The Last Honest Block

Four mining pools control two-thirds of Bitcoin's hashrate. Behind each one sits a publicly traded corporation with shareholders to appease, regulators to placate, and a board of directors one bad quarter away from pivoting to AI, as Bitfarms already has. This is about who gets to produce money, who gets to secure the network, and whether Bitcoin remains a peer-to-peer system built by individuals or becomes yet another financial infrastructure owned by institutions too large to fail and too regulated to resist.
The Last Honest Block

The Network Is Slipping Away

Bitcoin was designed as a peer-to-peer electronic cash system secured by distributed individual participants, one CPU, one vote, no trusted third parties, no permission required. In the whitepaper’s vision, the security of the monetary network would emerge organically from thousands, then millions, of individuals running software on commodity hardware, each contributing a small piece of computational work, each earning a proportional share of newly issued coins, each serving simultaneously as worker, auditor, and sovereign.

That vision is under existential pressure. Today, four mining pools; Foundry USA, AntPool, ViaBTC, and F2Pool, routinely control more than 65% of global Bitcoin hashrate. Behind each pool are publicly traded corporations with shareholders, creditors, lobbyists, and lawyers. Marathon Digital Holdings trades on NASDAQ. Riot Platforms files 10-Ks with the SEC. Bitfarms, as of April 2026, has renamed itself Keel Infrastructure and pivoted to AI data centers, with its CEO stating plainly: “We are no longer a Bitcoin company.” The machines that once secured Bitcoin’s ledger are being redirected to train large language models because the quarterly economics momentarily favour it.

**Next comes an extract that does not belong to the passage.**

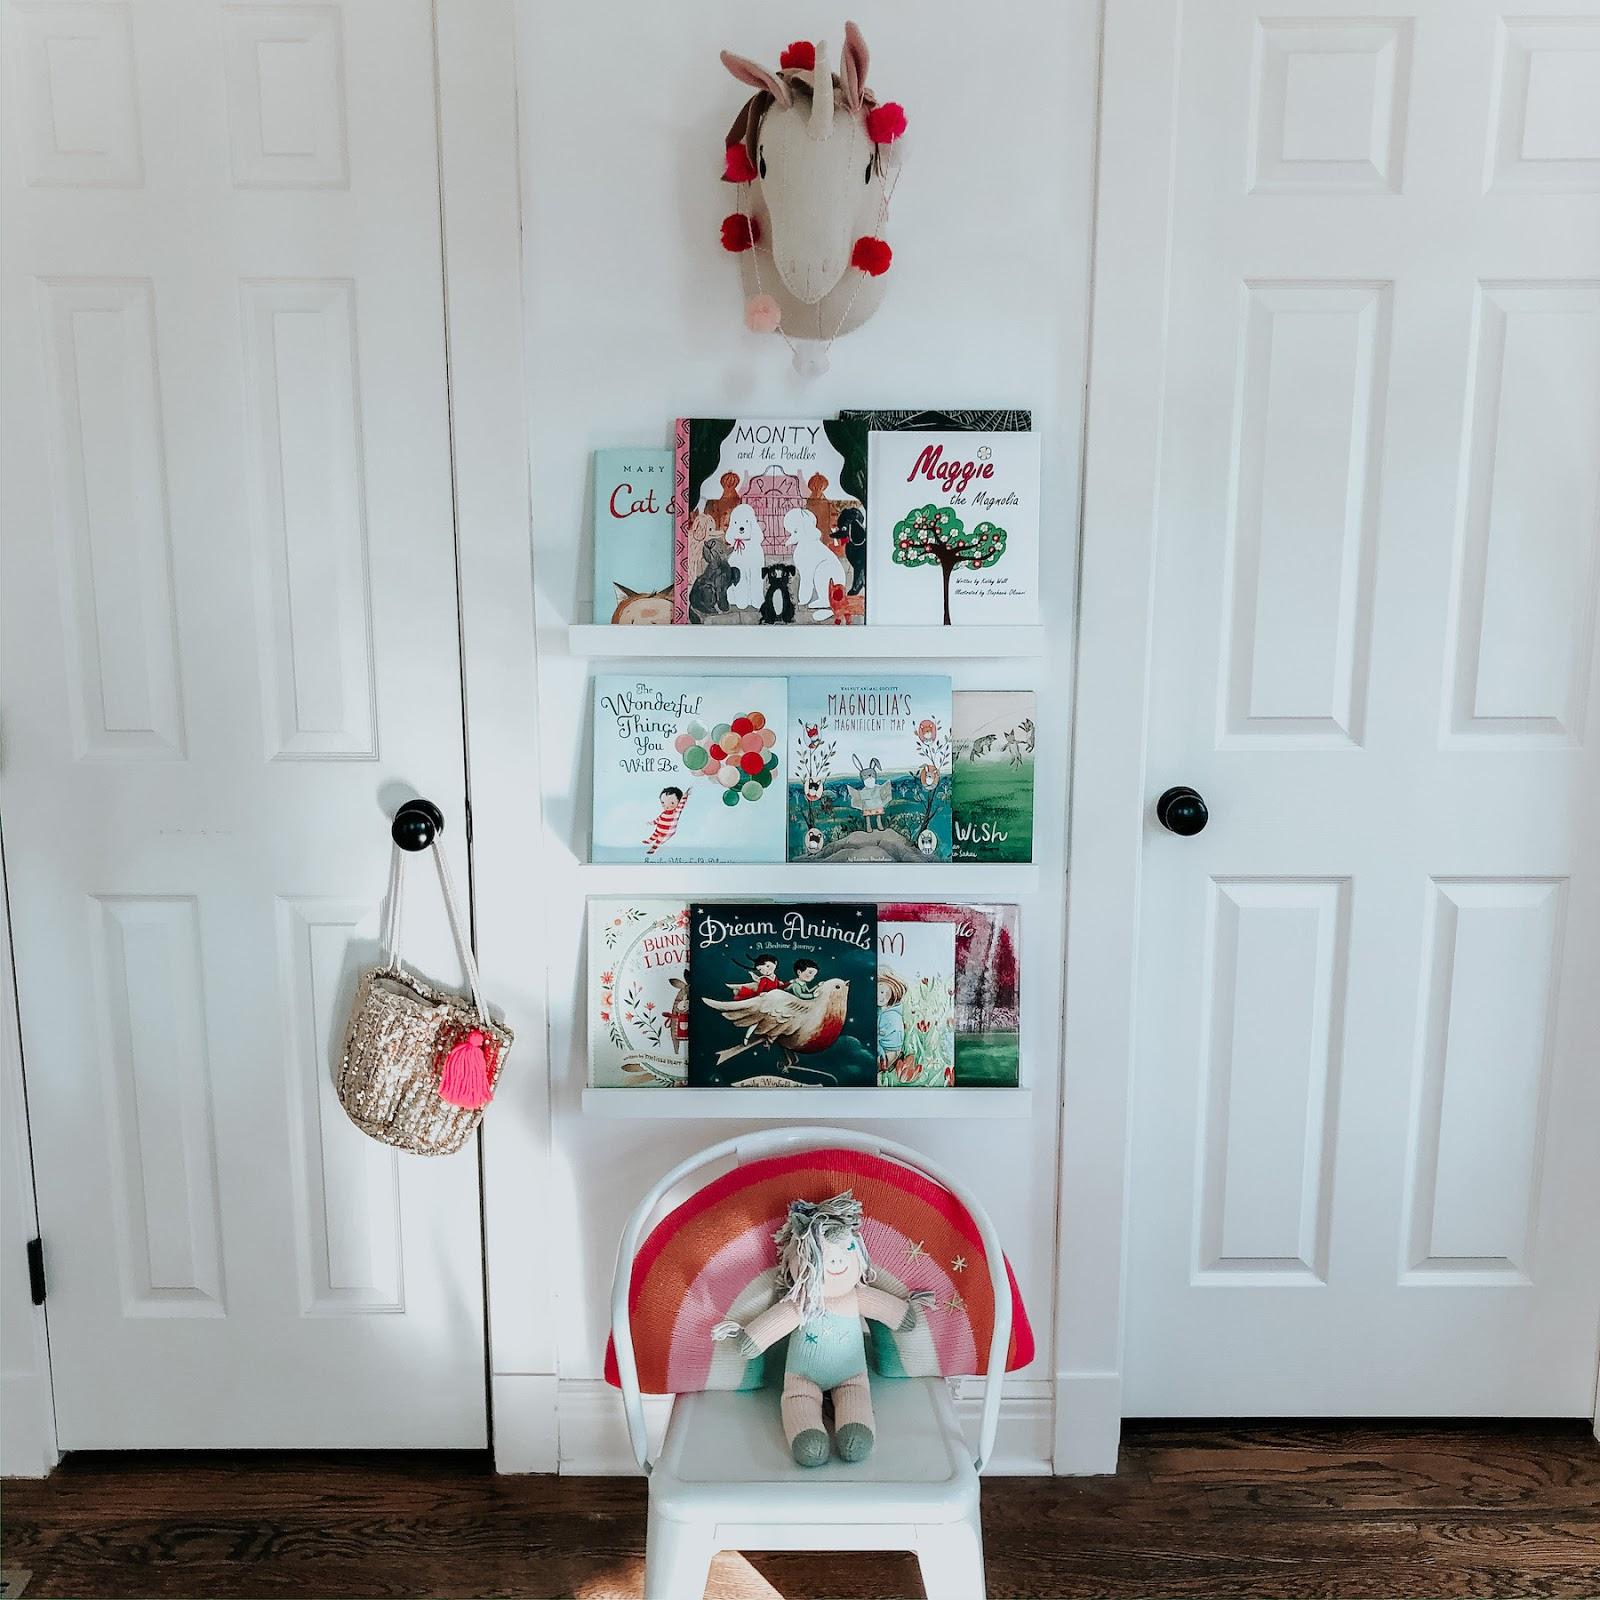 Magnolia's Playroom & Our Current Favorite Books

This is the rational behaviour of institutions operating within a rational framework guided by self-interest and it is precisely the behaviour that Satoshi’s design was meant to make irrelevant.

When you plug in a home miner, even a $89 Bitaxe drawing 17 watts on your bookshelf, you are not playing a slot machine. You are participating in a civilizational contest over who controls the future of money. The odds of finding a block are long, but the stakes of not trying are longer.

Mining as Power Projection

Jason Lowrey’s 2023 MIT thesis, Softwar, reframes Bitcoin’s proof of work (PoW) algorithm in a fundamentally different way. His core insight is that proof-of-work is not merely a consensus mechanism but it is a form of electro-cyber power projection, a way for individuals and institutions to project real-world power into the digital domain by burning physical energy. In Lowrey’s framework, Bitcoin mining is structurally analogous to bearing arms or fortifying a home: it is the digital equivalent of the individual’s capacity for self-defense.

Think about what this means. In the physical world, distributed armament, the right to bear arms, the ability to defend one’s home, functions as a check against tyranny. A government that wishes to coerce a population must contend with the cost and friction of doing so against millions of individually armed citizens rather than one centralized, disarmed mob. The distribution of defensive capacity is itself a security property of the social system.

Bitcoin mining is the same logic, expressed in kilowatts and SHA-256 hashes.

When hashrate is concentrated in four publicly traded corporations, the adversary; whether a hostile state, a regulatory body, or a cartel of banks, only has four targets. Four phone calls, four cease-and-desist letters and four board meetings where compliance is weighed against litigation risk. 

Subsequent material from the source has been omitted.